When a car breaks down, a mechanic’s job is to tell you what caused the failure. He or she can generally pinpoint the problem to a specific part reaching the end of its useful life. But have you ever asked a mechanic why your car is working fine? Or which part deserves the most credit for your car running smoothly? Of course not. That would be a waste of everyone’s time. There are many parts to a car and all are doing their job as designed. We never ask why when things are going well.

The same dilemma exists in assessing soccer defenders. After all, most of how we assess defenders has to do with what goals were not scored. And when all the parts of the defenses are working as designed, goals are avoided. But which defenders deserve the credit when goals aren’t scored? It’s like the pointless car question, which parts of the car deserve the most credit when the car runs smoothly?

To even begin this conversation we need to take stock of what data exists for soccer defenders. And just to be clear, I am going to steer clear looking at a defender’s offensive capability. I want to focus solely on defensive statistics.
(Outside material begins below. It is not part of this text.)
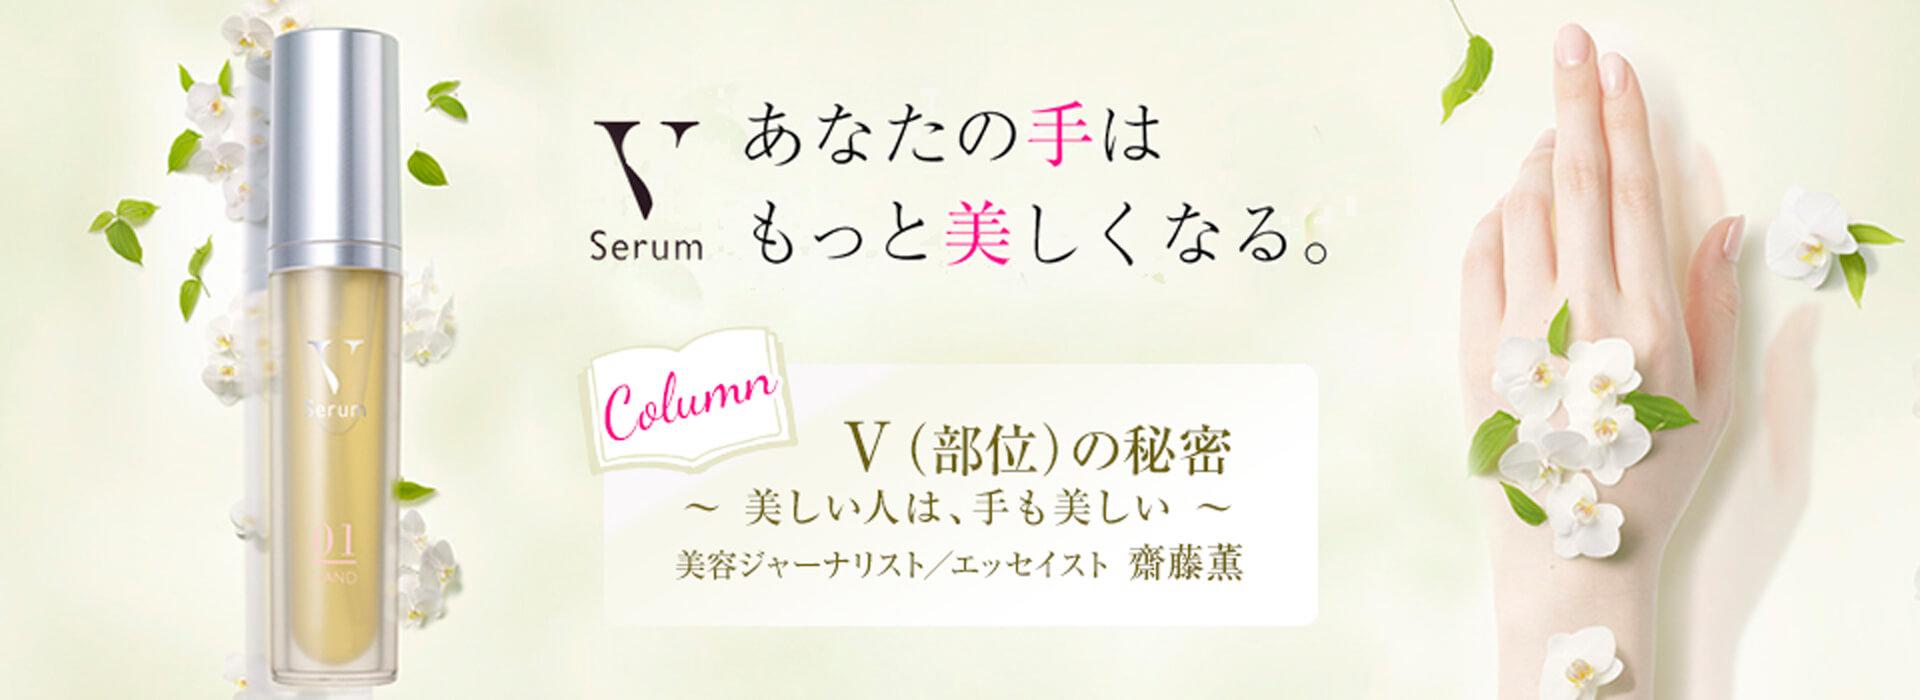 Vセラム誕生。あなたの手はもっと美しくなる。

Whoscored is the only site that offers a collection of defensive statistics, and here is what they have and their definitions.

  • Blocked Shot: Prevention by an outfield player of an opponents shot reaching the goal
  • Clearance: Action by a defending player that temporarily removes the attacking threat on their goal/that effectively alleviates pressure on their goal
  • Interception: Preventing an opponent’s pass from reaching their teammates
  • Offside Won: The last man to step up to catch an opponent in an offside position
  • Tackle: Dispossessing an opponent, whether the tackling player comes away with the ball or not

These are the defensive-oriented statistics offered by Whoscored that are tracked at the individual player level. Of course, the other vital defensive statistic is shots conceded but those can’t be attributed to any one player. So then, do any of these statistics matter? First there are a couple of assumptions to iron out.

A defender should be judged by the rate at which he accumulates statistics. So to get to that number we need to adjust these statistics to account for the time that the opponent has the ball. For example, Player A who averages 5 clearances per game might be better than Player B who averages 6 clearances if Player A’s opposition had the ball 20% less often. That would mean player A made more clearances given the opportunities provided to him. So I will adjust all metrics by opposition possession.

Since I am trying to assess what goals are not scored, I going to look at the numbers at the team level first. It is only at the team level that goals can be attributed. After that analysis I will attempt to attribute value to the individual metrics.

sources: whoscored, mlssoccer.com

sources: whoscored, mlssoccer.com

Here are tackles per game per minute of opponent possession against goals scored. Tackles represents the strongest correlation of all the variables. In fact, tackles has a slightly stronger correlation to goals against than shots conceded. Here is a look at the shots conceded as a percent of opponent minute of possession.

sources: whoscored.com, mlssoccer.com

sources: whoscored.com, mlssoccer.com

The two points to the far left represent the LA Galaxy and Sporting Kansas City. They appear adept at limiting shots on goal per minute of opposition possession. They also stand out when looking at offsides won.

Rather than show every graph, here is a table of the defensive statistics, their level of impact and the R squared of the impact in predicting goals against.

Statistic Goals Avoided per Unit R squared
Clearances -0.041 27.1%
Interceptions -0.036 15.1%
Tackles -0.077 39.4%
Offsides Won -0.113 16.0%
Blocks % of Shots -0.017 0.3%

Offsides won is the most impactful of the statistics (has the greatest slope) but there is a weaker correlation than Tackles or Clearances–in other words, there are greater deviations from the trend line. It’s interesting to see that Blocks as a percent of shots has almost no impact on goals allowed.

This is interesting, but what to make of it all? In an ideal world we could compile these statistics into a meaningful metric in order to compare players. The most obvious way to do that statistically would be to run a multivariate regression using all of the statistics.  The trouble with the result is that the statistics end up not being statistically significant predictors when mashed together. So developing a score from these metrics would be a bit of a fool’s errand.

The other option would be to ignore the predictive strength of the variables and just use the goals avoided results as a scalar, multiply them by each player’s statistics, add them up and compile a score. In this case the resulting score would be something we relate to as we could say that this player avoids x number of goals per game. However, this would give offsides won the statistic with the greatest importance despite the fact that the correlation is not strong.

To factor in the correlation we could leave the realm of sound statistical practice. We could multiply the goals avoided scalar by the R square. We could turn that into an index with the highest metric (tackles) equaling 1. If we did that here is the resulting table and values for each metric.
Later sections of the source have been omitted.